The problem: Exactly and only the lines below from the one containing "Lee Harvey Oswald" down to the one containing "The Royal Oak, un" are wanted, both included; please exclude every picture.

Records provided:
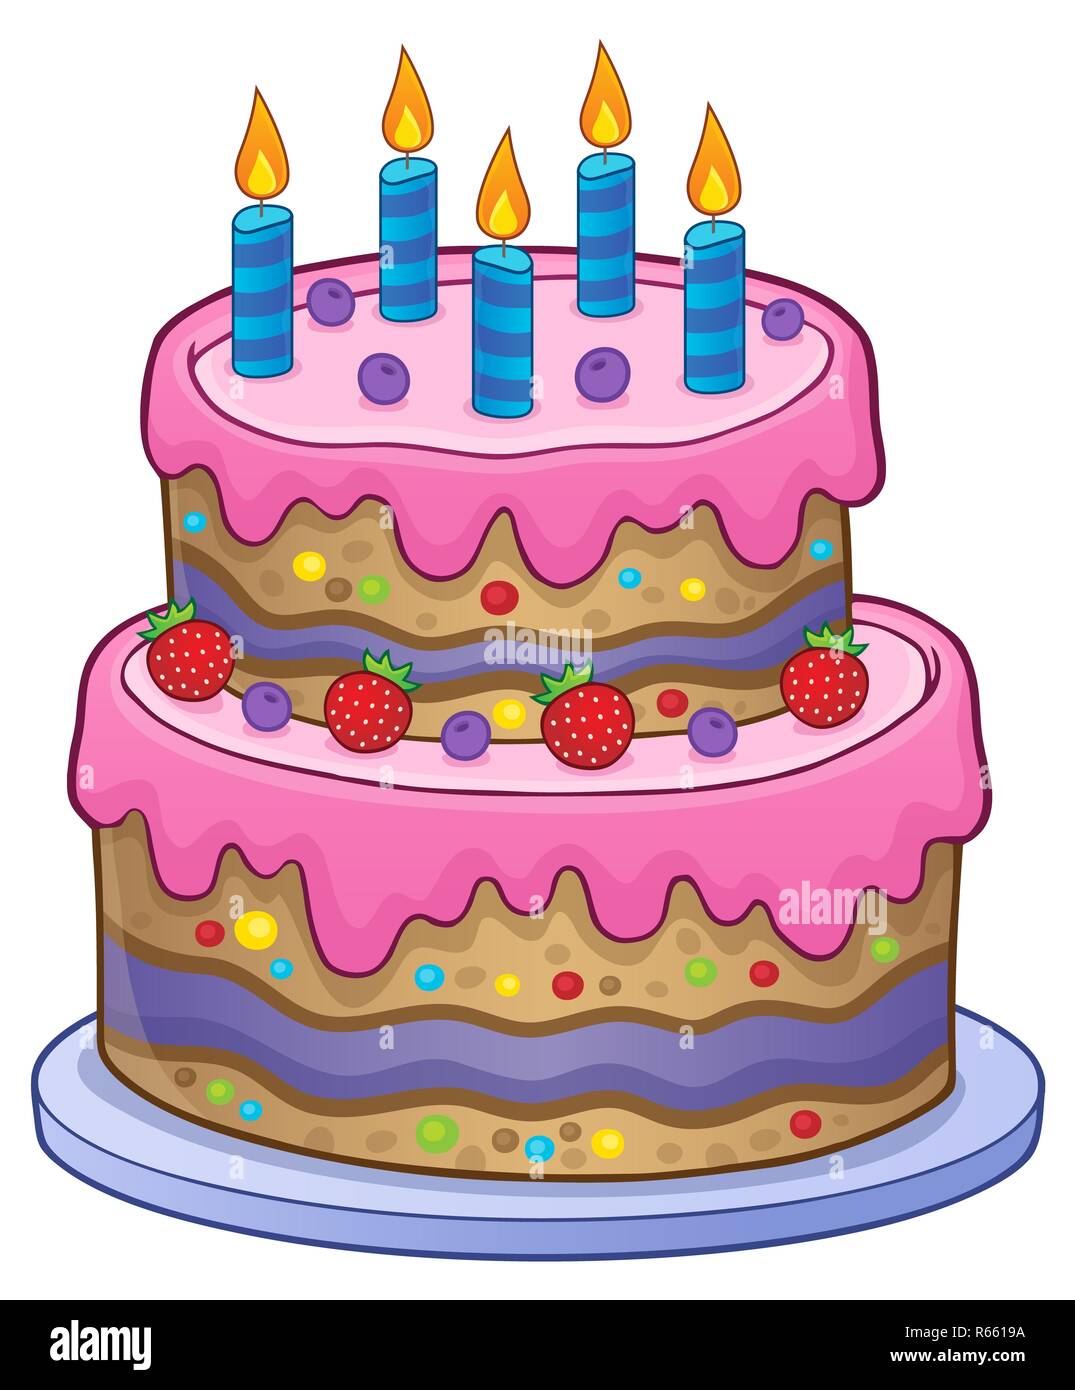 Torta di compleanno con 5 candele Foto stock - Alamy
--
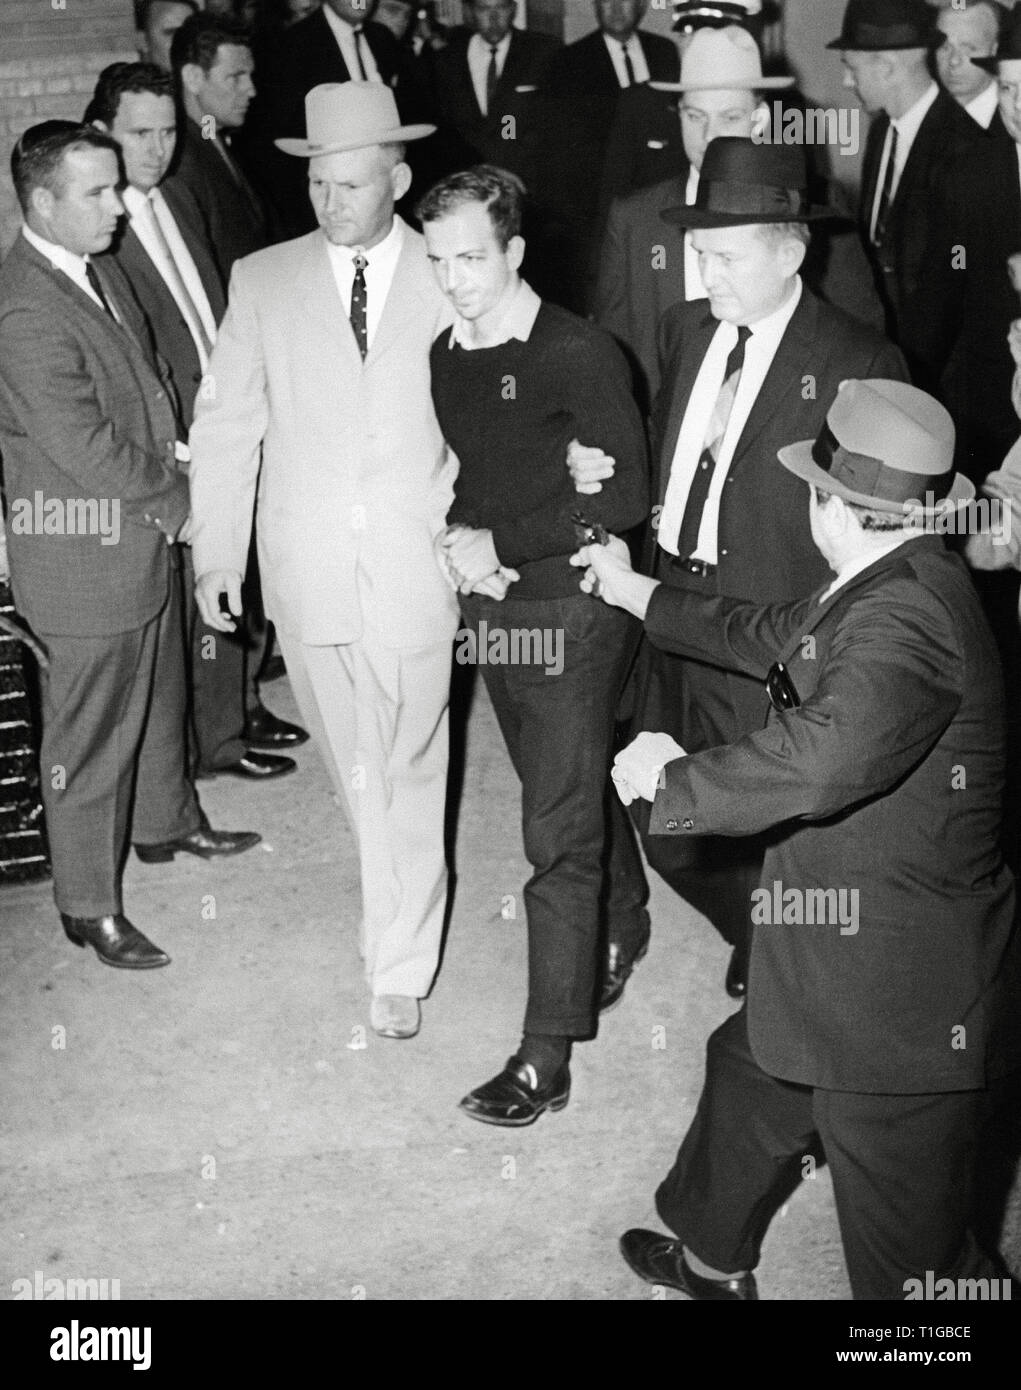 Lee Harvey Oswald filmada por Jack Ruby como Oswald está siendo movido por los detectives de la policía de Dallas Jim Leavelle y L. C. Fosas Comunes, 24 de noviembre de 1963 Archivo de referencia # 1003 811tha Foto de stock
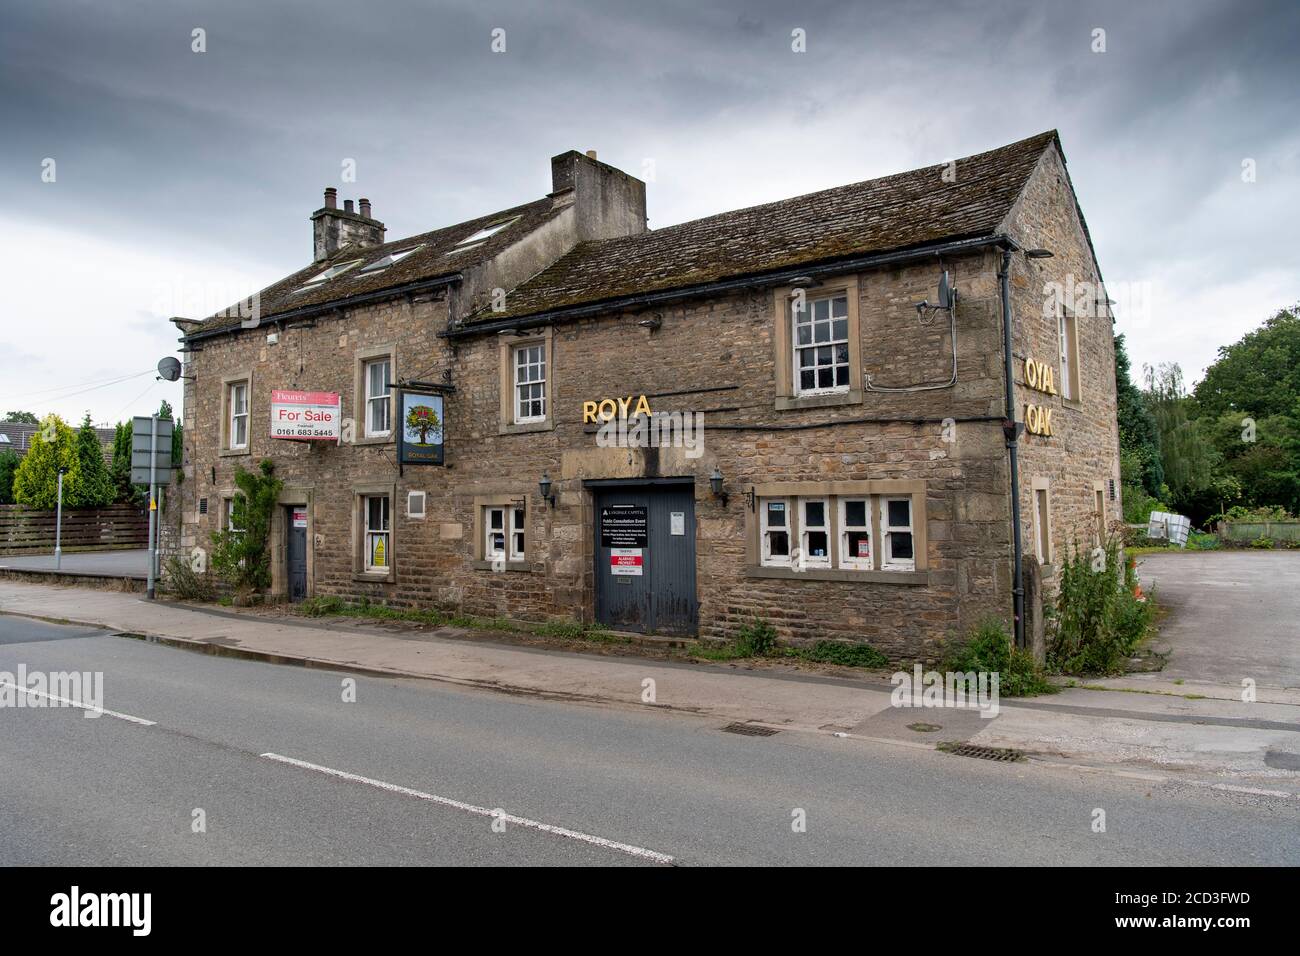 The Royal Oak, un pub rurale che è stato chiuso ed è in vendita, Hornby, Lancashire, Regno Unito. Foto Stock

Task response:
 Lee Harvey Oswald filmada por Jack Ruby como Oswald está siendo movido por los detectives de la policía de Dallas Jim Leavelle y L. C. Fosas Comunes, 24 de noviembre de 1963 Archivo de referencia # 1003 811tha Foto de stock
 The Royal Oak, un pub rurale che è stato chiuso ed è in vendita, Hornby, Lancashire, Regno Unito. Foto Stock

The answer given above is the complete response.